В этих вечерах была своя прелесть.
И в горьковатом чае, который Дайна так и не научилась заваривать правильно: она сыпала слишком много заварки в холодный чайник и первую воду не сливала, оттого и чай получался излишне крепким, темным до черноты, но с едва уловимым привкусом плесени.
Дайна сторонилась Ийлэ, делала вид, будто бы не знакома…
Ложь.
Кругом столько лжи, что только куклы безопасны. Ийлэ рассадила их за столом. Отступила. Подползла к трубе, которая была горячей, и значит, отродью не грозит замерзнуть. Оно, отродье, спало, стиснув розовые кулачки, которые выглядывали из белых пеленок…
– Ты здесь? – Нат в отличие от хозяина разрешения не спрашивал, дверь толкнул и вошел. – Здесь.

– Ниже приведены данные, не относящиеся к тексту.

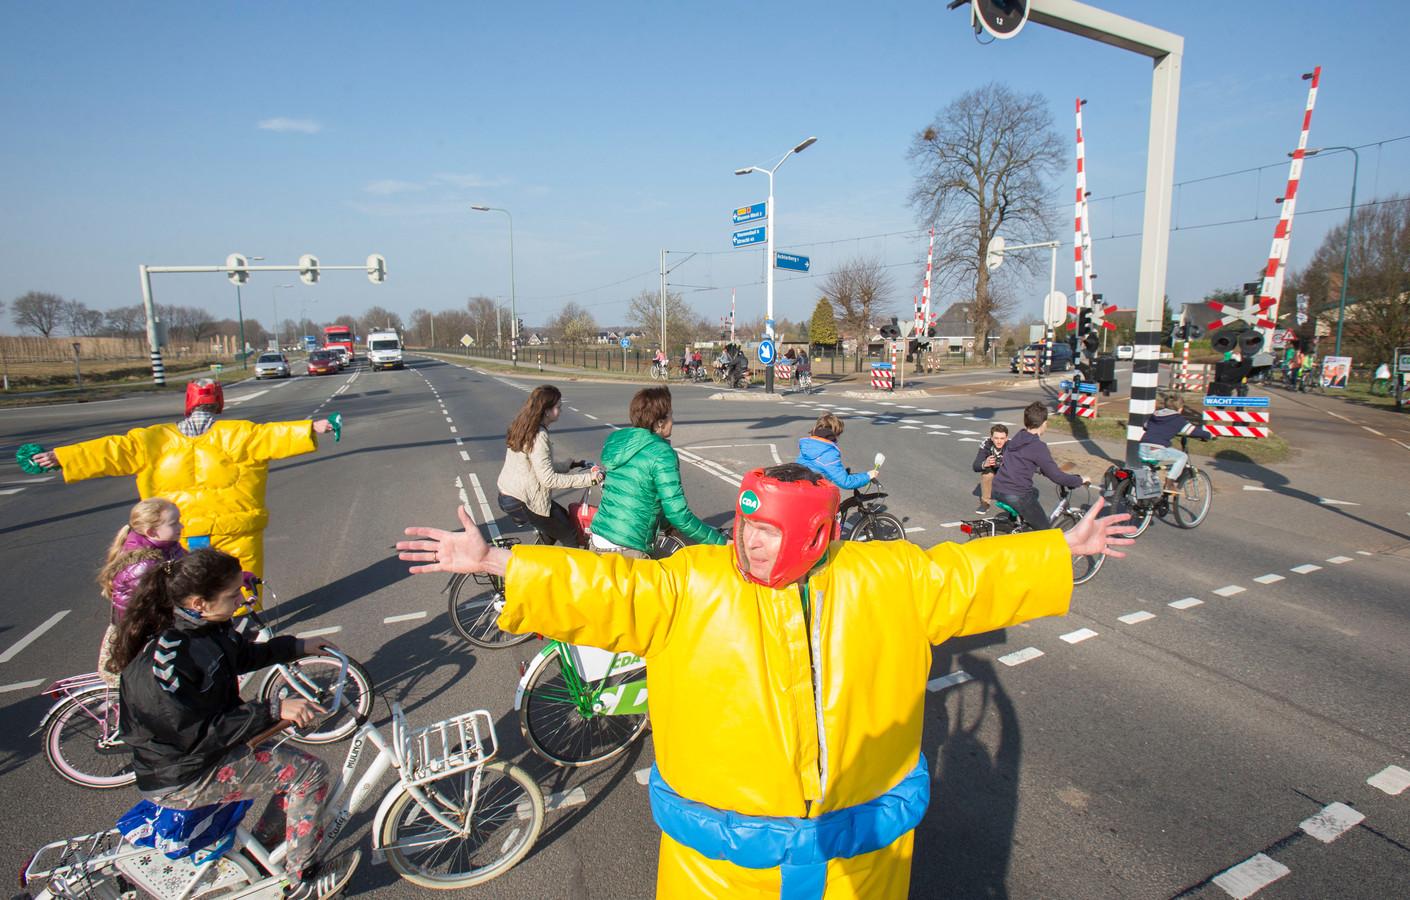 De kruising van de N233 en de Achterbergestraatweg waar flitspalen neer zijn gezet om de verkeersveiligheid te verbeteren.

Ийлэ замерла. Она знала, что щенок ее ненавидит, как и она ненавидит его. И, объединенные этой взаимной ненавистью, они были относительно безопасны друг для друга.
– Ты от них сбежала? – Нат забрался на сундук. Он сидел, покачивая левой ногой, и пятка стукалась о боковину сундука с глухим раздражающим звуком. – Ты их знаешь?

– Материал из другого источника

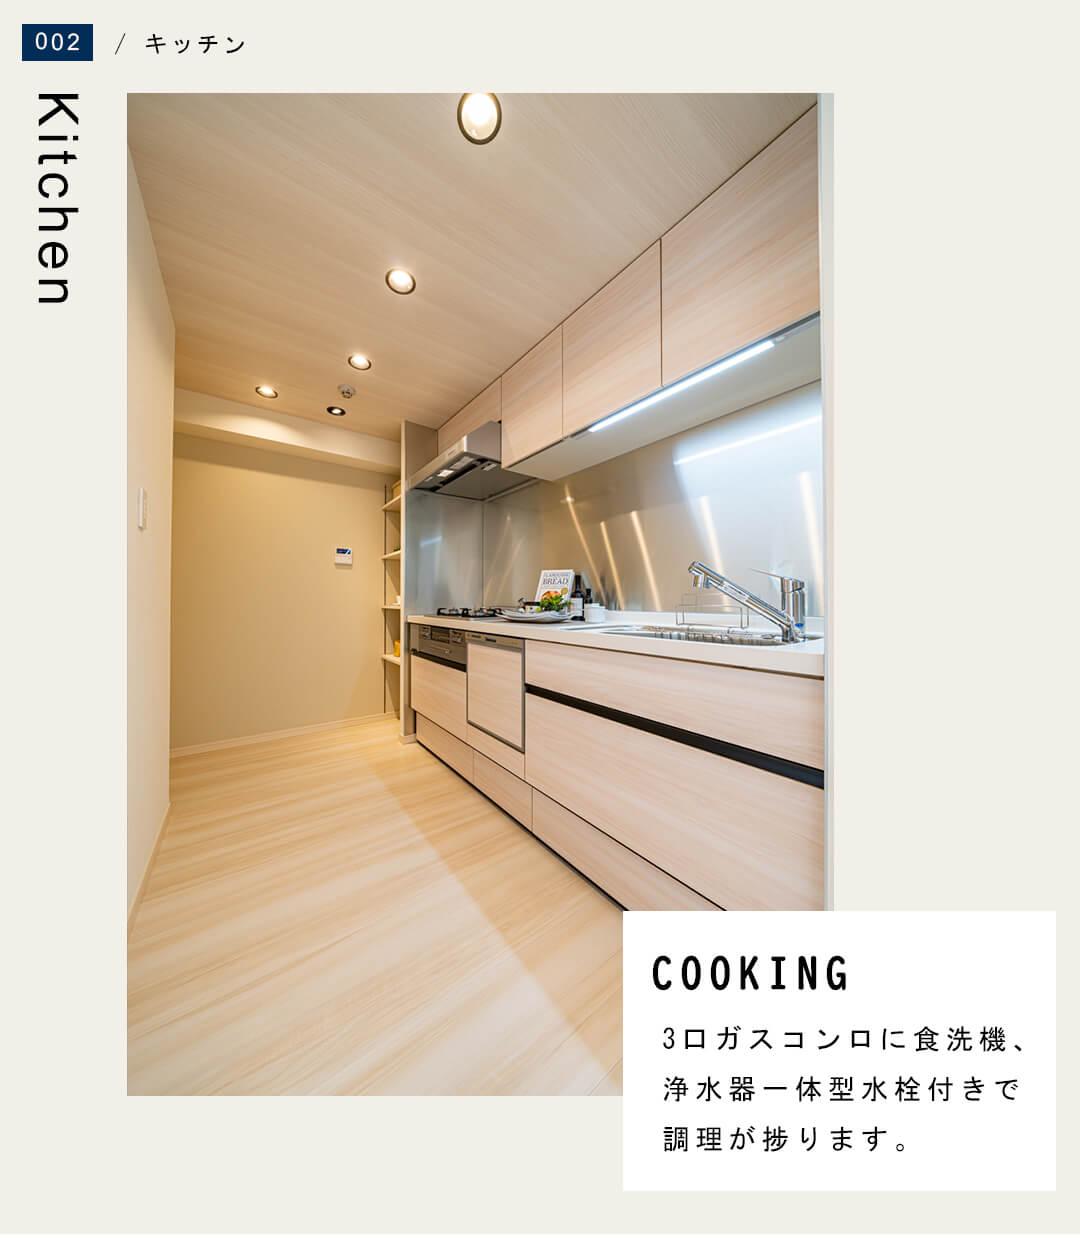 ヴィンテージ文京千石のキッチン

Ийлэ подумала, что можно не отвечать и тогда щенок уйдет.
Или останется.
Она сама не знала, чего ей хочется больше.
– Да, – сказала она и тоже села, прижавшись спиной к печной трубе. Старый свитер, который оказался неожиданно мягким и уютным, а еще настолько большим, что Ийлэ могла в него завернуться едва ли не с головой, грел неплохо, но труба всяко была лучше.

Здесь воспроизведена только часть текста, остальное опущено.